However this wasn't quite the end of the software development as I raised a pull request to put this into the main mycroft code source code. After a little bit of discussion it was decided that this new event was not needed, and what should happen is one of the already existing events should be fired at the time I was sending mine. By the time this is out all this PR could very well be merged. I have updated teh speaker control software to use this event (the "wakeword" event.
Developing the switch skill
As I mentioned in the beginning, I decided, rather then use one of the existing skills, to develop my own skill to control the smart switch. This was because a lot of the skills for home automation seemed more geared around controlling entire systems, and I just had one light. It seemed like I would be overcomplicating things to put together an extra server just for that.
The skill is comprised of three parts, the vocab, the dialog and the code that joins the two. The vocab is a set of words that this particular skill can understand. The dialog is what the skill can say. The code will be a subclass of the MycroftSkill class and you can build phases that can be matched on by specifying patterns of vocab. This is called an Intent. So, In my “TurnLights.voc” file I had 4 phrases “turn on the light”, “turn on the lights”, “please turn on the light” and “please turn on the lights” and in the “Status.voc” file I had “on” and “off”. When I built an intent with “TurnLights” first and “Status” second I could match on any combination of those two. I can also pull out which word was in the “Status” section so I could know wether to send the “On” or “Off” command to the smart switch. I then needed to build a second intent to handle the possibility of getting the words in a different order.

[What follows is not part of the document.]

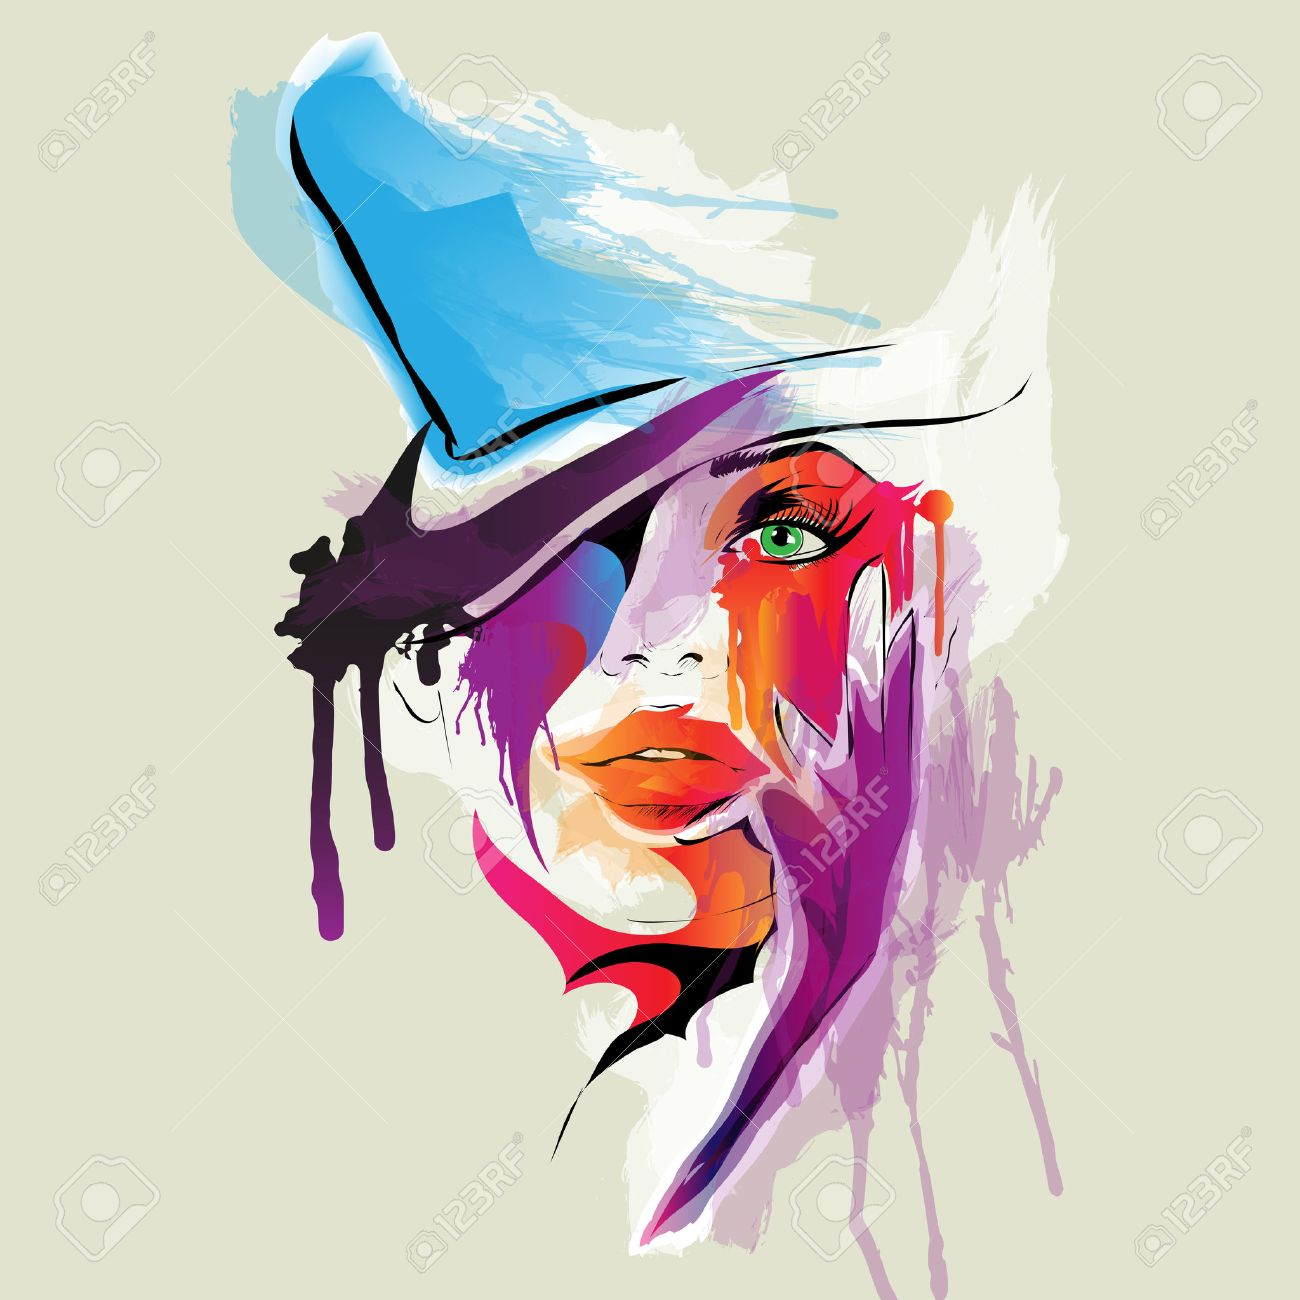 Abstract Woman Face Illustration Royalty Free Cliparts, Vectors ...

And there it was, a homebrew voice activated light.
Obviously I’m going to do a bit more with this than just turn a light on and off. The next obvious thing to do will be to make it work with Spotify. There is already a skill in mycroft to do this, but the spotify player needs to be installed separately. If you buy a pre-built smart speaker from the mycroft company this will come built in, but since I did things th hard way I’ll have to do it myself. I would also like to add in the ability to ask it for the times of local trains and buses, but that will be a rather big new skill. On the hardware front I think adding an LED that gives some indication of the status of the smart speaker woudl be very useful.
But the more interesting thing for me would be to put this somewhere other than the home. Maybe put it in a car……